Wherein, the target gene CCR2 fragment is obtained through PCR reaction, and the adopted primer sequences are as follows:

upstream primer TTTGGTACCTACGGTGCTCCCTGTCATAAA(SEQ ID NO:1)，

Downstream primer TTTTTCGAATAAGATGAGGACGACCAGCAT(SEQ ID NO:2)。

Wherein, the underlined parts of the upstream primer sequence and the downstream primer sequence respectively show the restriction enzyme sites Kpn I and Sfu I.

Construction of pcDNA3.1/CCR2 plasmid

The PCR product was digested with Kpn I and Sfu I, and purified and recovered with a Tiangen general-purpose DNA purification and recovery kit. The double digestion was carried out with Kpn I and Sfu I at the same time, and the product was purified and recovered with the above-mentioned kit. The gene fragment of interest was ligated with pcDNA3.1 linearized plasmid using T4DNA ligase overnight at 16 ℃. After the ligation product is transfected into competent T1 bacteria, the ligation product is spread on a culture plate containing Kanamycin and cultured for 12h at 37 ℃, and then a single colony is picked for PCR identification. After the primary identification is successful, extracting the plasmid by using a Tiangen plasmid miniprep kit, and sending the plasmid to a company Limited in the biological engineering (Shanghai) for sequencing identification.

In vitro Synthesis of CCR2mRNA

Linearization of plasmid, using enzyme cutting site of Pme I at downstream of CCR2 gene in plasmid, and linearizing pcDNA3.1/CCR2 plasmid by Pme I digestion. The plasmid digested liquid is treated by proteinase K and SDS, and then is subjected to phenol/chloroform extraction and ethanol precipitation to obtain purified pcDNA3.1/CCR2 linear plasmid DNA.

② in vitro synthesis of cap structure mRNA, synthesizing the cap structure-containing mRNA by using mMESSAGE RNA transcription kit. The main steps are that linear DNA is used as a template, 4 NTP and cap analogues are used as raw materials, and mRNA with a 5' end cap structure is synthesized under the catalysis of T7RNA polymerase. The above synthesis reaction solution was digested with DNase I (to remove template DNA), and then mRNA was isolated and purified by LiC l precipitation.

③ poly-A tailing of mRNA, namely, the tail of CCR2mRNA with a 5 ' end cap structure is tailing under the catalysis of yeast poly (A) polymerase by taking ATP as a raw material to generate mRNA with a complete structure, namely CCR2mRNA with a 5 ' end cap structure and a3 ' end poly-A tail. Finally the size of the mRNA was checked by denaturing agarose gel electrophoresis. The concentration of mRNA was estimated by measuring the value of absorbance (A) at a wavelength of 260 nm.

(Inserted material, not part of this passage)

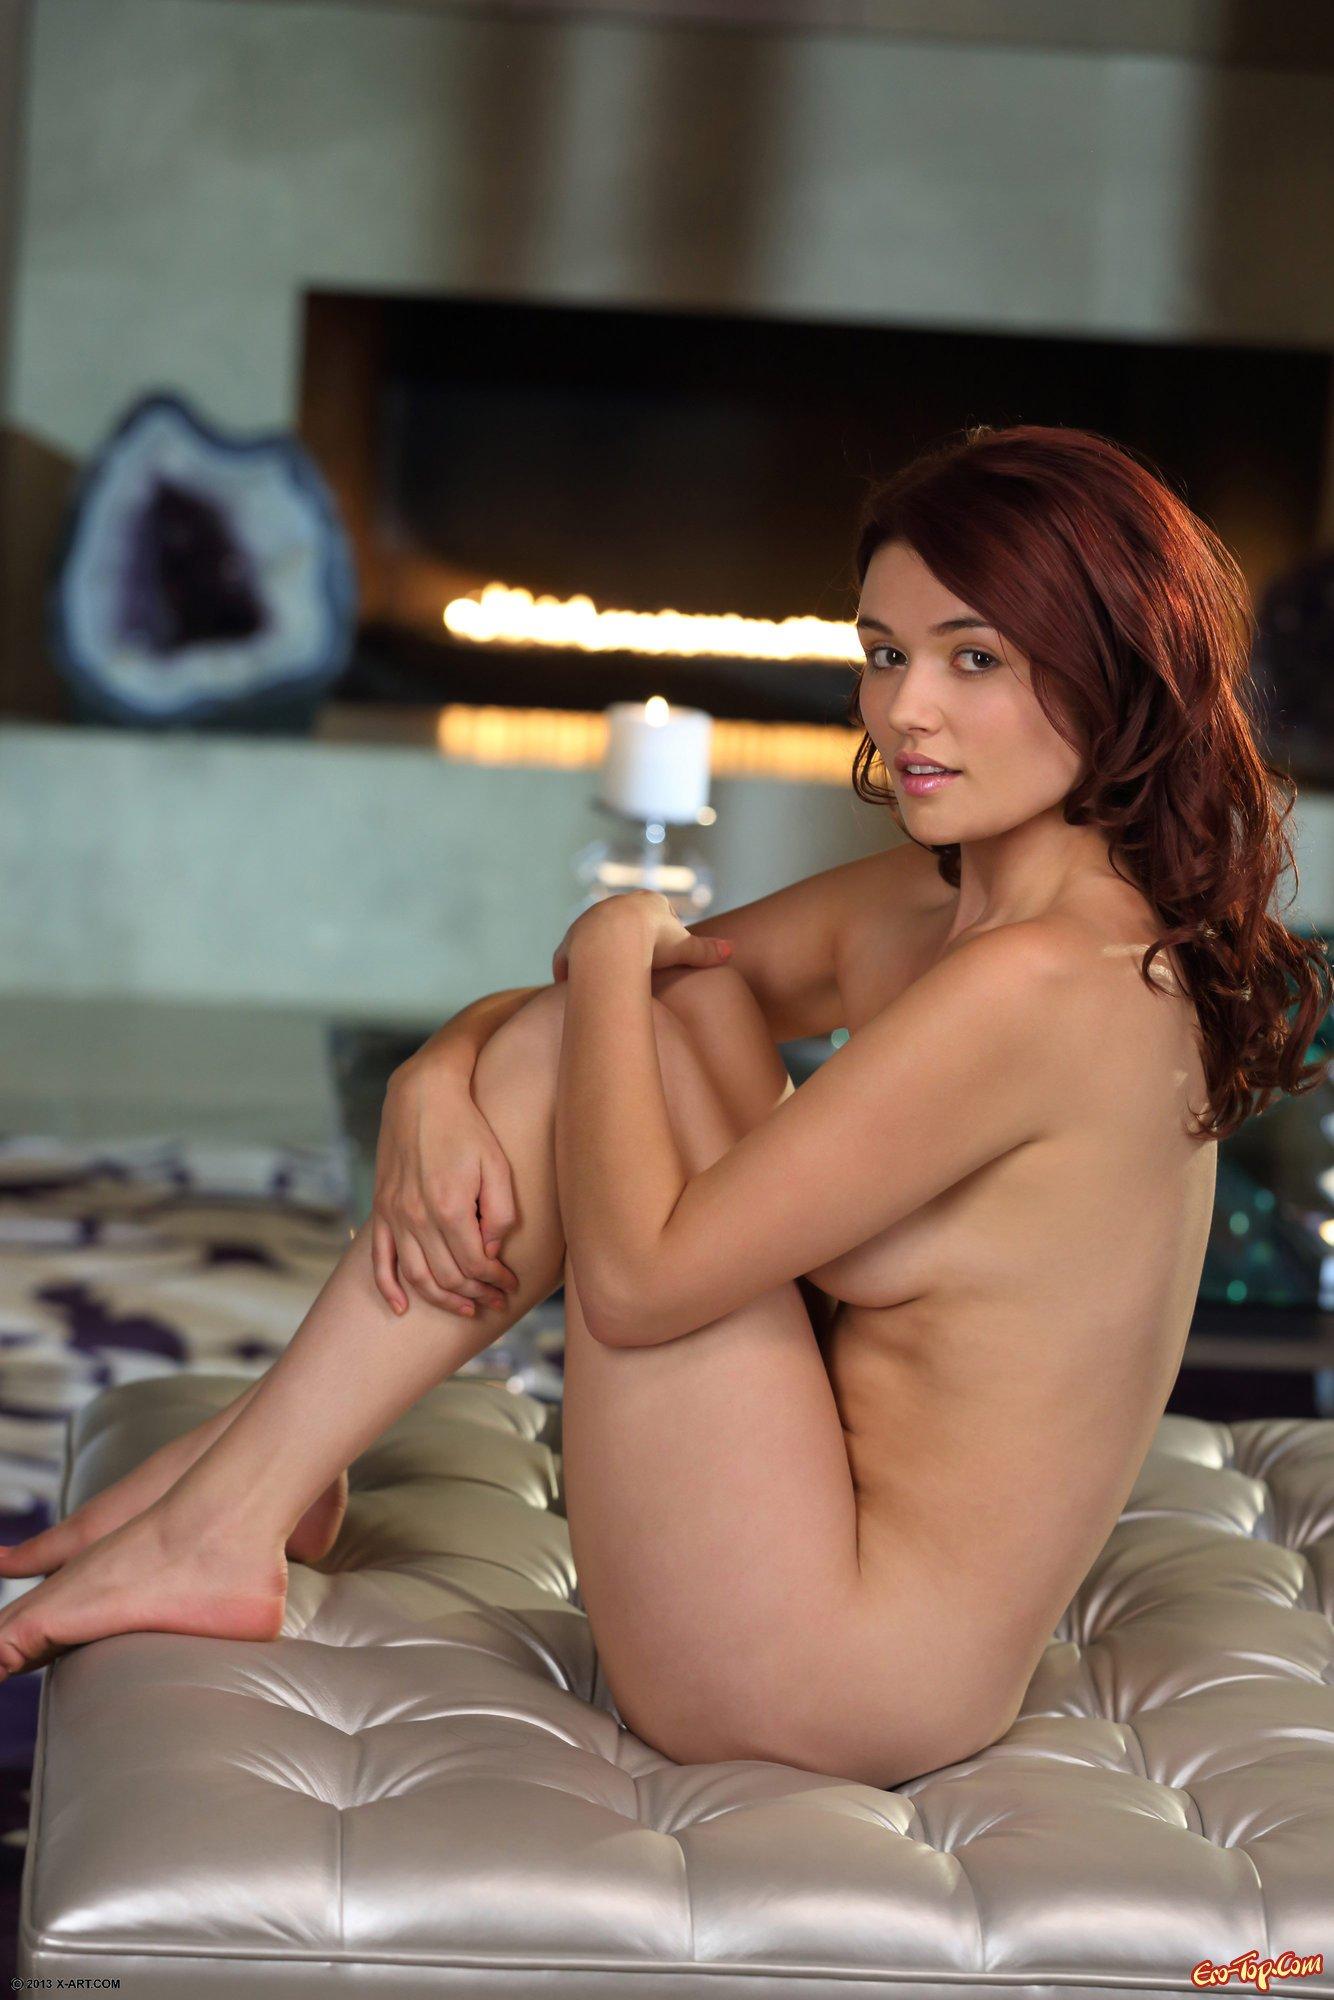 Девушка мастурбирует на пуфике

CCR2mRNA in vitro transfection of MSCs

The synthesized CCR2mRNA was transfected using the TransIT-mRNA kit. The specific operation is as follows:

after digesting MSC grown to 3-4 generations, it was resuspended to a density of 1X 10 with fresh complete medium⁵And seeded into 12-well plates, 1mL per well.

And secondly, replacing fresh complete culture solution 1h before transfection after the cells adhere to the wall.

③ 1. mu.g of CCR2mRNA was added to 100. mu.L of Opti-MEM culture medium and gently pipetted and mixed.

Fourthly, adding 1 mu L of BOOSTreagent and 1 mu L of TransIT-mRNA into the mixture in the previous step.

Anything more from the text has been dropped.